The Asia Pacific Edition covers the top 10 family office trends and maps out the family office landscape in the region. The research, which surveyed 89 single family offices, found that despite geopolitical instability and uncertain market conditions, Asia Pacific family offices remain optimistic, with 84% expecting an increase in the family’s wealth this year and 77% expecting to see their AUM rise in 2024. They are also more likely than their global counterparts to scale up their initiatives and gain added expertise, with 48% of Asia Pacific-based family offices looking to increase their reliance on outsourcing services, higher than the global average of 34%.
“The Family Office Insight Series—Asia Pacific Edition aims to help family offices in Asia Pacific better understand how to adapt their short- and long-term strategies to succeed,” says Yali Yin, Asia Pacific Deloitte Private Leader. “We are glad to see that Asia Pacific family offices remain optimistic despite global economic and geopolitical uncertainty. Beyond risk management, diversified and sustainable investing, and operational technology adoption, leaders are focused on creating robust succession planning strategies to properly equip the next generation and produce a resilient future.”
“With the Great Wealth Transfer already underway in Asia Pacific, families must promptly address succession challenges and prepare the next generation to lead with confidence and conviction. As more ultra-high-net-worth (UHNW) families seek professional support for their wealth and legacy planning needs, the growing professionalization of family offices in Asia Pacific revealed by our research is an encouraging sign of the region’s maturing family office ecosystem,” says Chi-man Kwan, Group Chief Executive Officer at Raffles Family Office. “At RFO, our core mission is forging legacies that spans generations for our clients. We are excited to work with Deloitte Private in this shared journey.”
“Our research reveals that family offices remain optimistic, with an expectation that their AUM will rise in 2024, despite global economic and geopolitical uncertainty,” says Anthony Lau, Hong Kong Leader at Deloitte Private. “As an international financial centre which leads in various product offerings, we believe that Hong Kong can successfully navigate the waves given the government’s strong policy stance and various measures on developing a vibrant ecosystem for family offices and asset owners globally. Therefore, we are optimistic about the growth of family offices in Asia Pacific and are confident that Hong Kong is well positioned to serve them.”
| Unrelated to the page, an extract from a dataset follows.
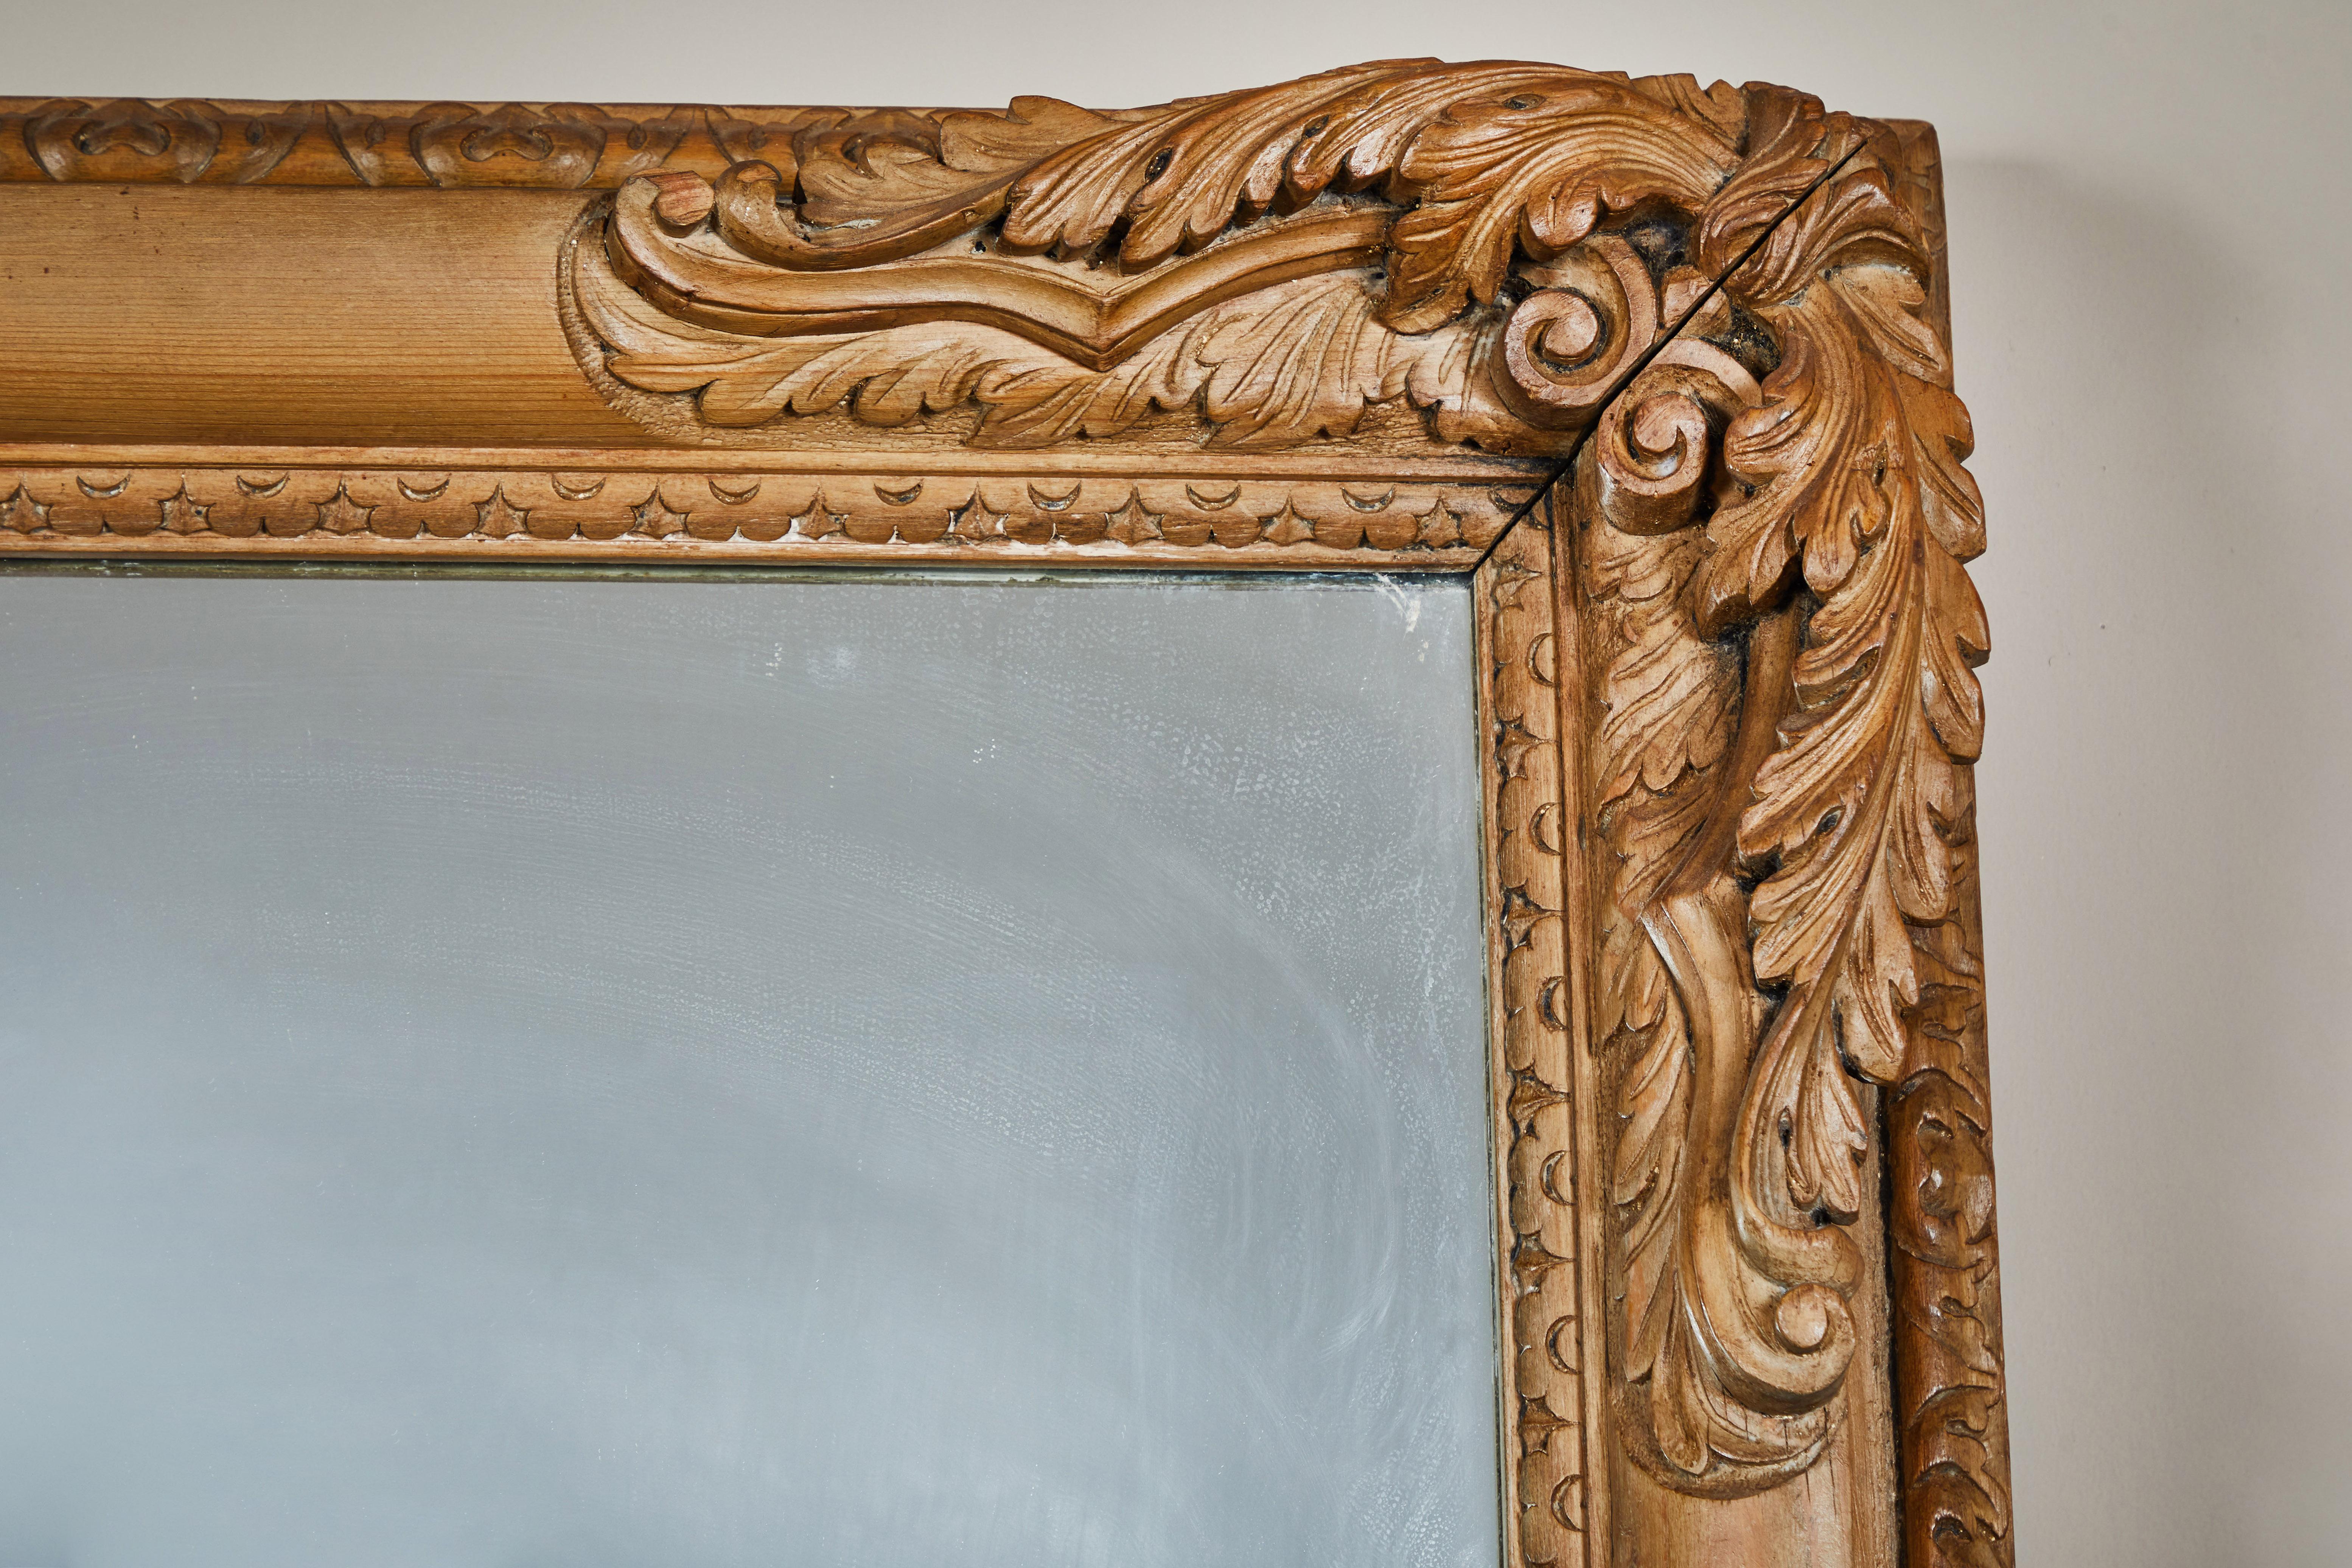 Grand miroir encadré de bois clair avec des coins fortement sculptés. Miroir de grande taille, incliné vers le sol, ou installé en position basse dans un hall d'entrée, un dressing, etc.

Macro-level risks underline the uncertainties Asia Pacific family offices face, with geopolitics (55%) and inflation (44%) being perceived as two key market risks in 2024. Meanwhile, investment risk (72%), geopolitics (44%), and regulatory and tax challenges (28%) are considered to be the top risks to family offices this year, in line with their global peers. These concerns highlight the importance of investment oversight, which is reflected in the strategic priorities for family offices, with investment risk management being a top priority (67%), followed by investment governance and valuation policies (53%), and succession planning (38%).
Despite recent market volatility and uncertainties, family offices in Asia Pacific have shifted towards more growth-oriented investments (34% of respondents). However, this is coupled with an eye on risk management, with many family offices favoring a balanced investment portfolio. The top asset classes family offices invested in were equities (25%), private equity and private debt/lending (21%), real estate (19%), and fixed income (19%) in 2023, accounting for over four-fifths of the average family office portfolio. Notably, allocations to public equities, although identical to the global average at 25%, had a greater bias toward developing markets, revealing the region’s preference for local markets, such as China and India. For 2024, the top asset classes family offices are looking to invest more in 2024 are developed (32%) and developing (24%) market equities, real estate (31%), hedge funds (24%), and cryptocurrency/digital assets (24%).
On average, Asia Pacific-based family offices allocate 32% of their portfolio to investments outside their own region. Currently, North America and Middle East-based investments make up 21% and 1% of Asia Pacific family offices’ average investment portfolio, respectively. However, these proportions are expected to increase in 2024, as 23% plan to allocate more to North America this year and 21% to the Middle East. Meanwhile, investment levels in Asia Pacific and Europe are expected to remain consistent, with 69% and 79%, respectively, citing that they intend to keep allocations towards these regions the same in 2024. Conversely, Asia Pacific has become a popular investment destination for global family offices, with an average of 20% of family offices worldwide and 24% from Europe planning to expand their portfolios in the region this year.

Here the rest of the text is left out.